Saturday, March 10, 2018

Diana Der Hovanessian (1934 – 2018)

      I learned yesterday that my friend, my fellow Armenian, daughter of Kharpert, and a beloved poetic voice, Diana Der Hovanessian passed away on March 1. She was approaching her 84th birthday. It was sad to hear this news. I am forever thankful for her voice and for the kindness she showed me as a young aspiring poet. She was generous with her time and constructive criticism.
     We were in correspondence in the 1980s and early 90s. Then, as is prone to happen and I do mean prone to happen to me, I let the correspondence lag and gradually become nonexistent. We exchanged letters. I sent her my poetry.

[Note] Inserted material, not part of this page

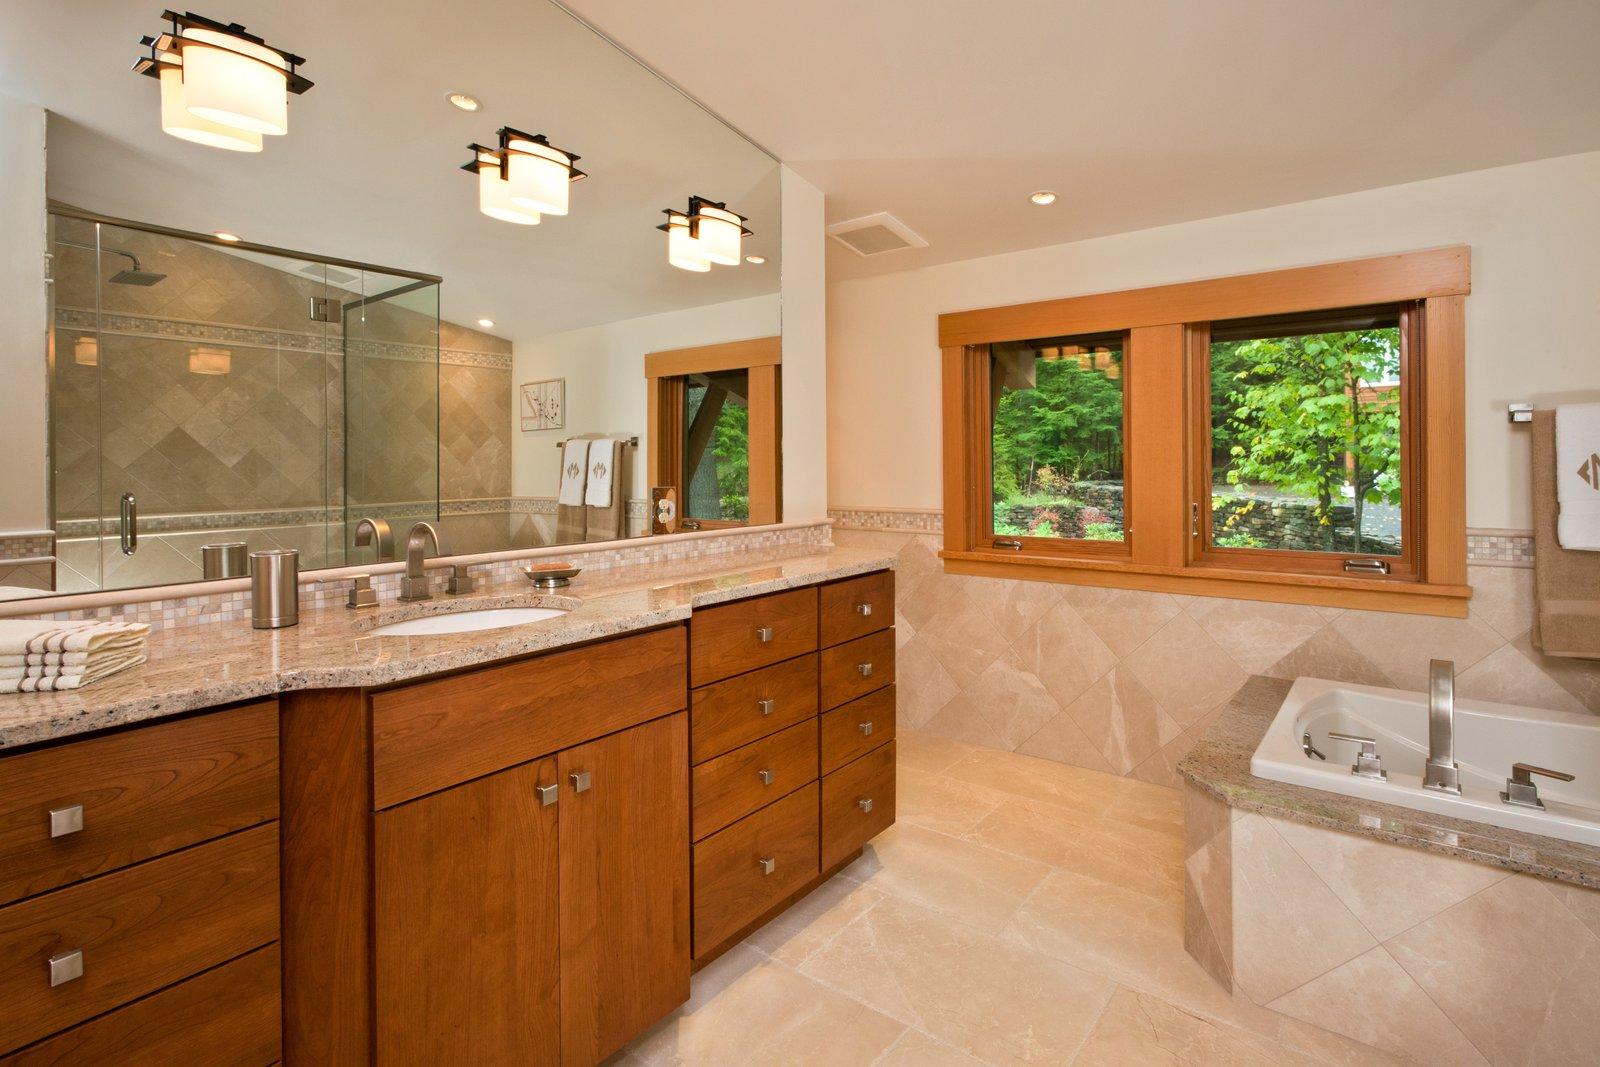 Master bathroom, Lake Luzerne, NY  Fourth Lake Summer House by Phinney Design Group

We spoke several times on the phone. I visited her once at her home in Cambridge. It was the afternoon tea of great memory. I cannot recall what we talked about, but talk we did.
      I wrote a poem for her about visiting her. She wrote a significantly better one right back at me. I have not read either of those for way too long.
     With each passing year and each of her poems read and re-read, I appreciate her talent more than ever. I appreciate the care and craftsmanship of her work. I appreciate the lens and reflection through which she viewed the same world I see. As an Armenian, I appreciate that I can relate to her view while simultaneously not. I am provided with a richness that is hard to describe when I read her work.
     She was a gifted poet for sure. Her body of work, books, and favorable reviews is testimony to this. She was also a gifted translator of poetry. Poetry is ridiculously hard to translate. The essence of good poetry, the imagery and nuances, are tied to the language, cadence, double meanings of words, and that je ne sais quoi of the language in which the poetry is written. Translators often go for a literal translation that results in a translation that looks like a poem visually but is not poetic, only one dimensional, and thus tedious to read. Diana took a different tack based on her unique talent. She translated the poetry into poetry. She reflected the original through her poetic lens. She would create a new poem, a high-quality poem, closely modeled on the original. But, for her to make her translation a stand-alone poem, she had to trade off some of the literal parts of the translation. Some critics dinged her for this. I thought she had basically created a new art form. I loved to read the original and her translation, perhaps a few times each. It enriched both for me. The best example of this for me her book Come Sit Beside Me and Listen to Kouchag: Medieval Poems of Nahabed Kouchag. She has the Armenian on the left-hand page and her translation on the right. I never tire of reading this gem of a book. Her translations have to be read with the original.
     I am sorry that she passed. That sorrow is magnified that I had let our correspondence lag… but I have her poems.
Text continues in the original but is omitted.